June 2007 LSAT, Game 2, #8

Let's continue through Game 2 of the June 2007 LSAT.  Last week, I created a setup for the game and answered questions six and seven. Today we'll tackle number eight, which says "If Limelight is never shown again during the festival once Greed is shown, then which one of the following is the maximum number of film showings that could occur during the festival?" To me, that's a pretty nasty question, because it involves a new rule and a lot of potential different scenarios where we'll have to try to maximize the number of films shown. I'm going to use a bit of intuition here, because I don't want to waste too much time on any one question. The problem with a question like this is that there's no very clean and certain way to test it. (Contrast this with question number six, which could be answered with an idiotproof process of elimination.) I'm going to try to squeeze in as many movies as possible, but in doing so I will have to make some guesses. Every time I take a guess, there's a path that I didn't take that might have worked out better.

I might start with the answers here, and work backward. I know, because seven is the maximum number of movies listed in any answer choice (E), that that's the absolute limit for the number of movies.

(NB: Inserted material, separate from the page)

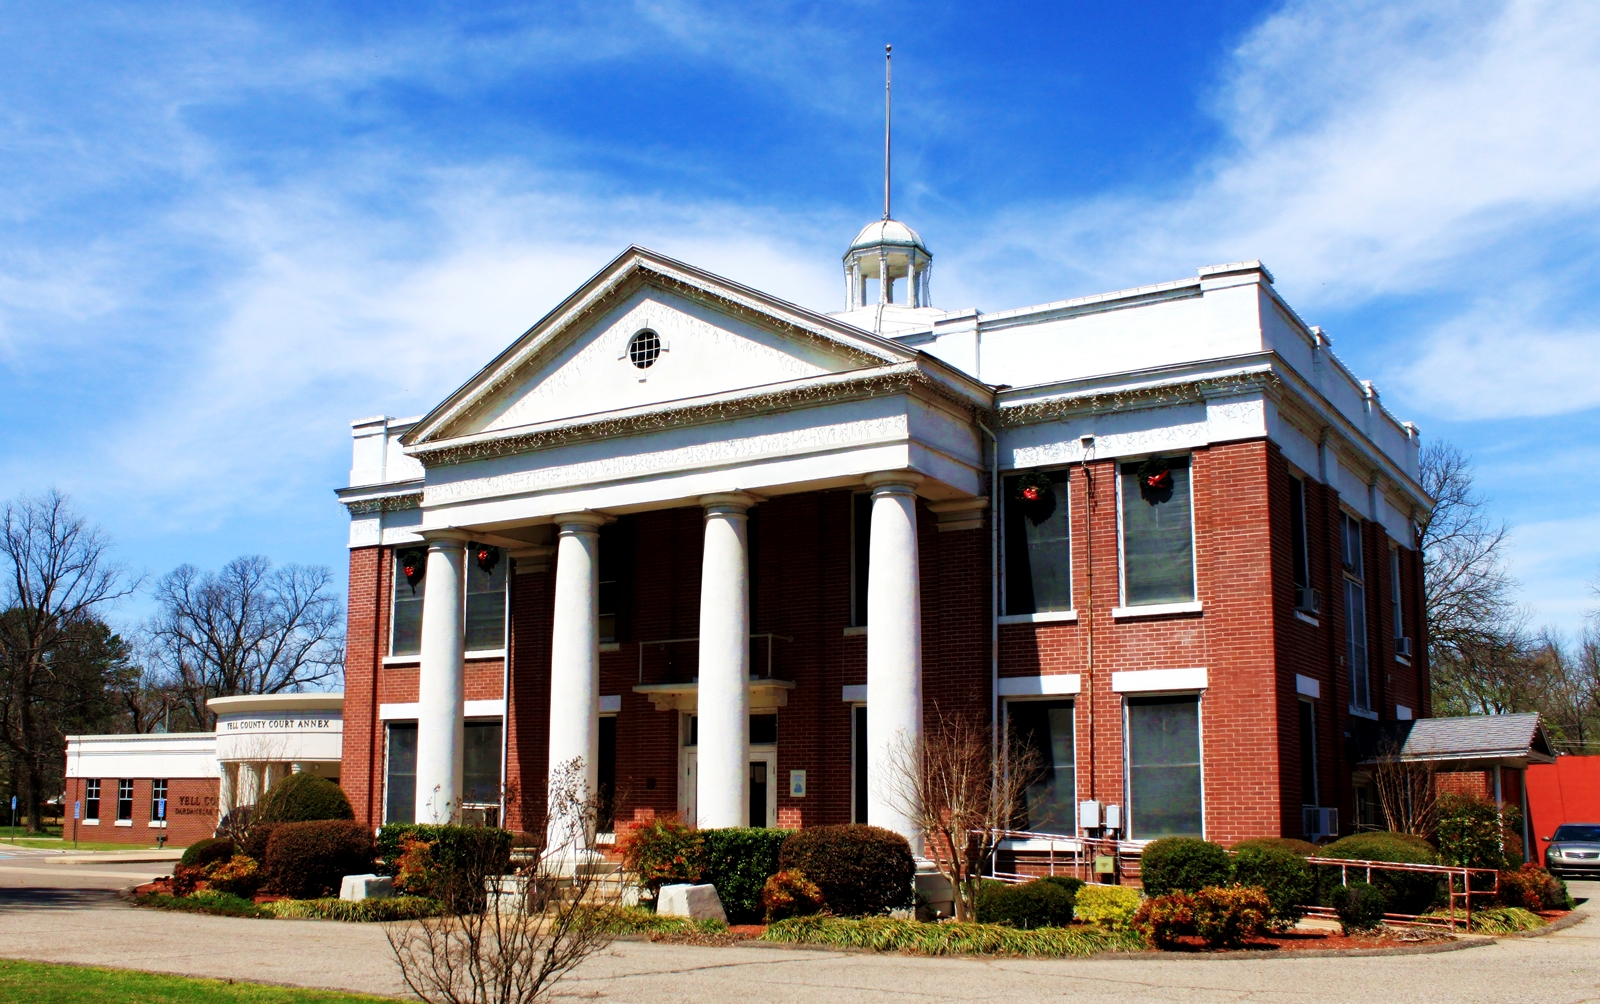 Yell County Courthouse - Dardanelle, Arkansas

So if I can figure out a way to make seven work, then E is the answer. If I can't make seven work, but I can make six work, then I'll choose D. And so on.

Can I make seven work? Let's see:

If I'm trying to maximize the movies shown, why wouldn't I go ahead and show all three films on the first day?

Thursday:  L  G  H

The problem with this approach is that, once I show G, I now can't show L anywhere in the remainder of the schedule. So Friday I could show H, then G:

Friday:  H  G

And Saturday, I could show just ONE of G and H:

Saturday:  H/G (doesn't matter which one).

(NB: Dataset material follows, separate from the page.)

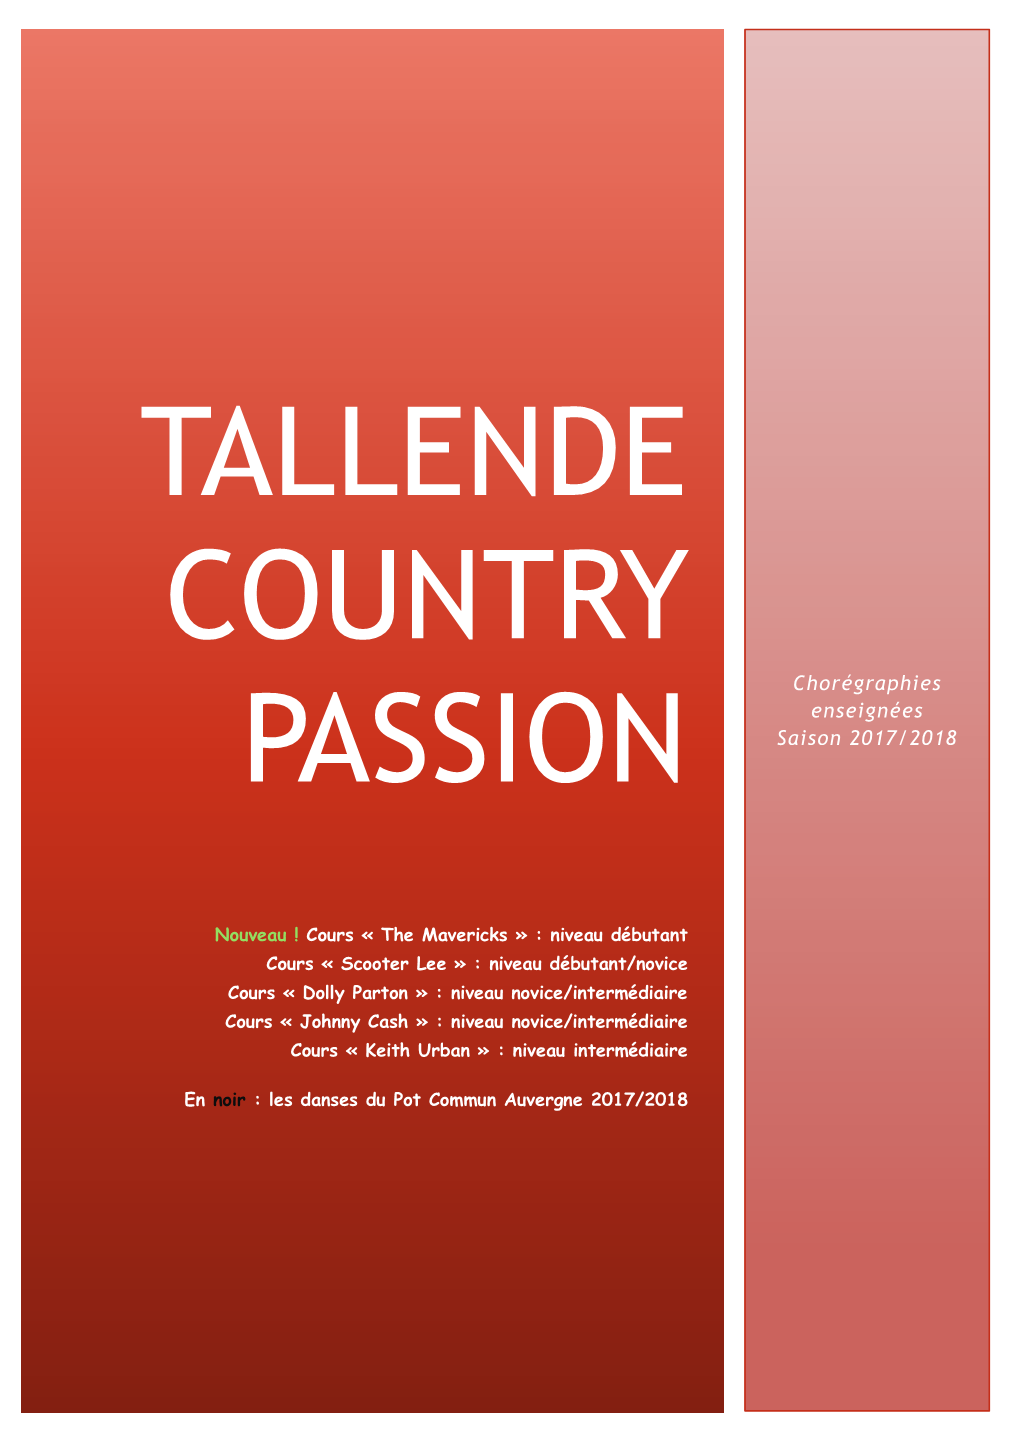 Tallende COUNTRY PASSION

Hmm. That's a total of only six movies. I was hoping to get to seven. So I'm going to try one more scenario:

On Thursday, if I want to avoid the problem of showing G and being unable to show L ever again, then I've got to avoid showing G. So I'll start my Thursday schedule with just L and H:

Thursday:  L  H

On Friday, I'll again want to avoid showing G early so I'll show just H and L:

Friday:  H  L

On Saturday, I'll now show L with G:

Saturday:  L  G

And once again, I can only get to six.

As I said earlier, this is a supernasty question, because I still haven't explored all the scenarios. What if I showed just L and H on Thursday, for example, but then showed all three films on Friday? Would I be able to get to seven then? (The answer is no. If I showed all three films on Friday then I'd only be able to show one film on Saturday, so once again I'd be stuck at six.)

Rather than exhaust all possibilities here, once I sensed that I was getting stuck at six I'd be happy going ahead and picking D. I might miss a question like this once in a while, but I'll 1) usually get it right and 2) never waste five minutes trying to be sure. I have bigger fish to fry in the remaining of the section, so I'll make an educated guess here and move on. Our answer is D.